After a few minutes of coaxing, she finally got Sophia to say she would talk to the police when they came. Nick was starting to move his arms and legs feebly.
“Don’t move,” Anna said to him. “We’re almost done here.”
She called the New Dolinsk Police Department. The Earth corporation that had once had the contract was gone, but there still seemed to be police in the tunnels, so someone had picked it up. Maybe a Belter company. Or the OPA itself. It didn’t matter.
“Hello, my name is Reverend Doctor Annushka Volovodov. I’m the pastor at St. John’s United. I’m calling to report an assault on my person. A man named Nicholas Trubachev tried to attack me when I confronted him about beating his wife.
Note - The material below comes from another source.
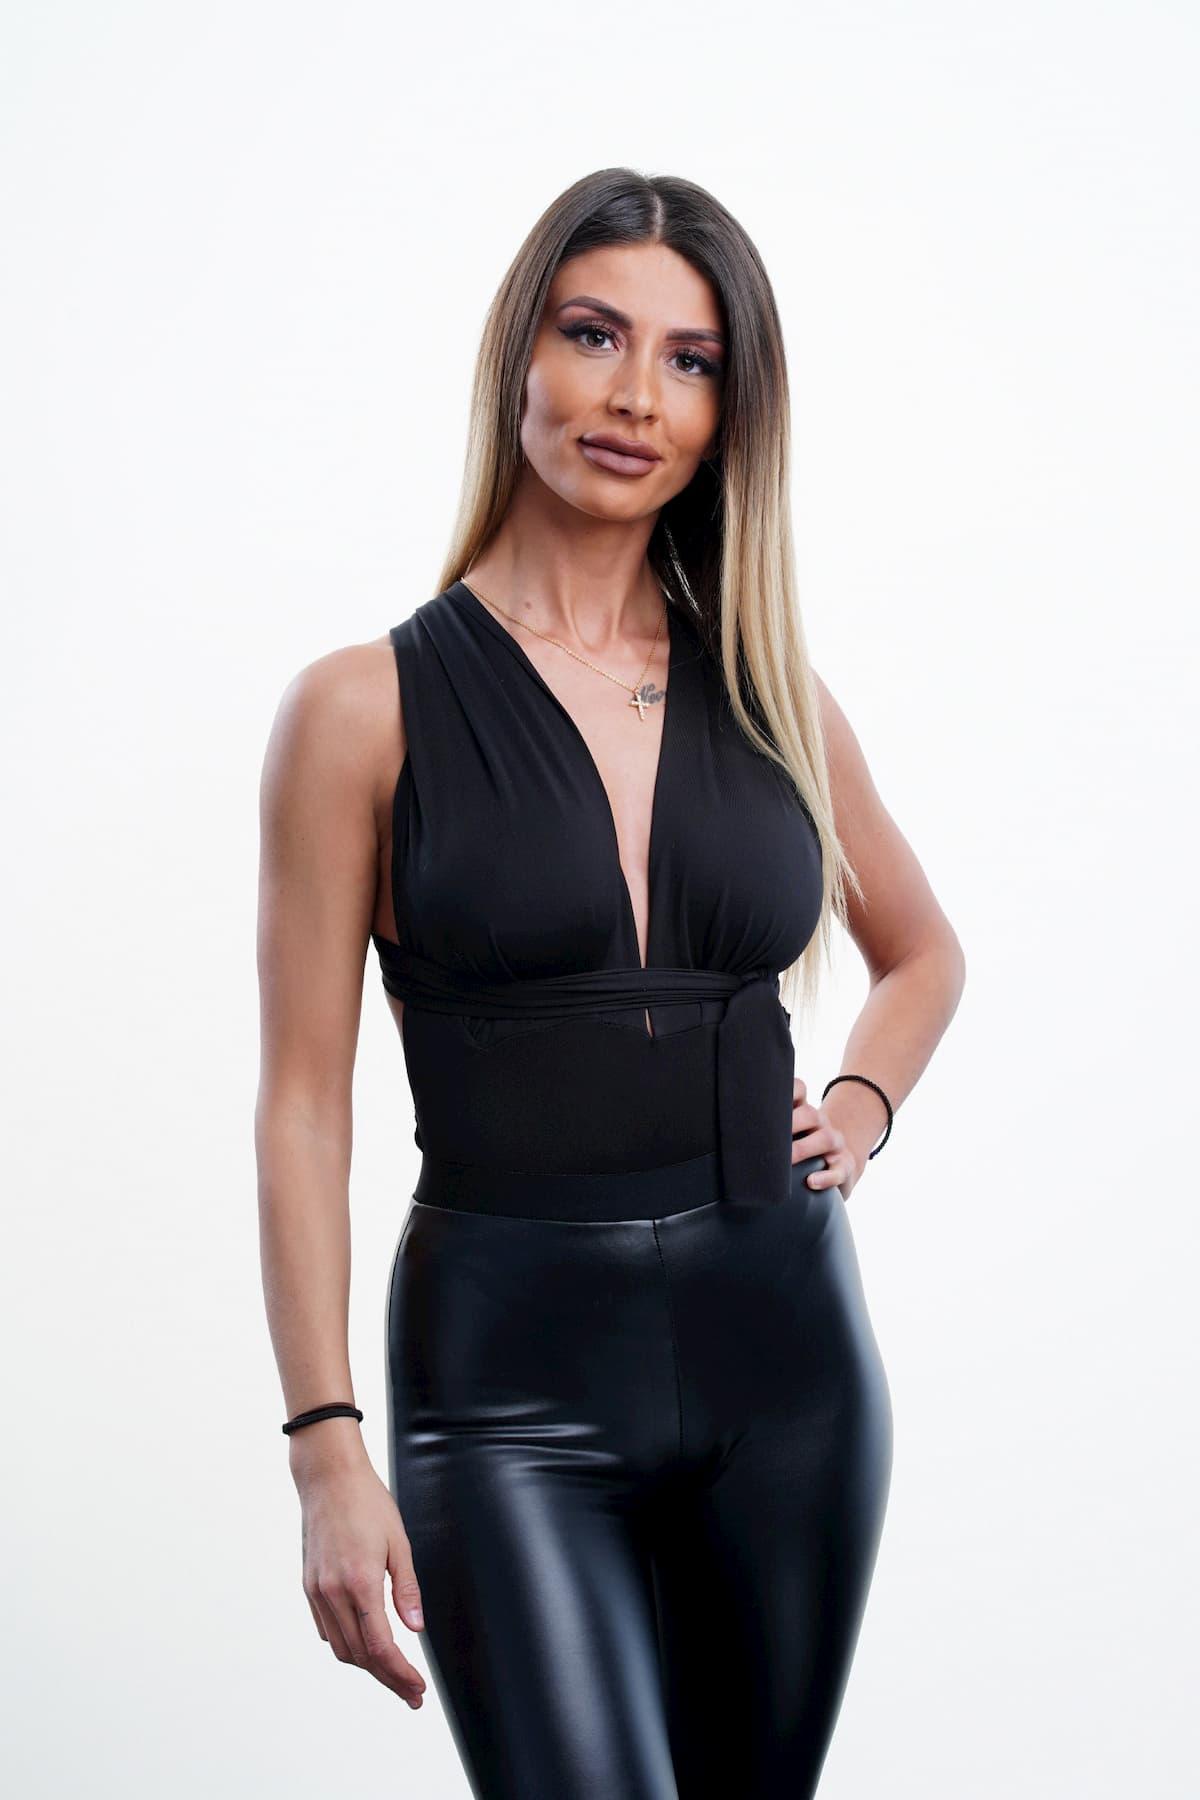 Christina Dimitriou als Kandidatin der Dschungelshow 2021

No, he didn’t hurt me, just a few bruises on my wrist. I had a taser in my desk and used it before he could do anything worse. Yes, I’d be happy to give a statement when you arrive. Thank you.”
“Bitch,” Nick spat, trying to get off the floor on shaky limbs.
Anna shot him again.
“Tough day?” Nono asked when Anna finally got home. Nono was dandling their daughter on her lap, and little Nami gave a squeal and reached for Anna as soon as she closed the door behind her.
“How’s my girl?” Anna said, and dropped onto the couch next to them with a long sigh. Nono handed the baby to her, and Nami immediately set about undoing Anna’s bun and trying to pull her hair. Anna squeezed her daughter and took a long sniff off the top of her head. The subtle and powerful scent Nami had given off when they’d first brought her home had faded, but a faint trace of it was still there. Scientists might claim that humans lacked the ability to interact at the pheromonal level, but Anna knew that was baloney. Whatever chemicals Nami had been pumping out as a newborn were the most powerful drug Anna had ever experienced. It made her want to have another child just to smell it again.
“Namono, no hair pulling,” Nono said, trying to untwist Anna’s long red hair from the baby’s fist. “Don’t want to talk about it?” she said to Anna.
Nono’s full name was Namono too. But she’d been Nono ever since her older twin had been able to speak. When Anna and Nono named their daughter after her, the name had somehow morphed into Nami. Most people probably had no idea the baby was named after one of her mothers.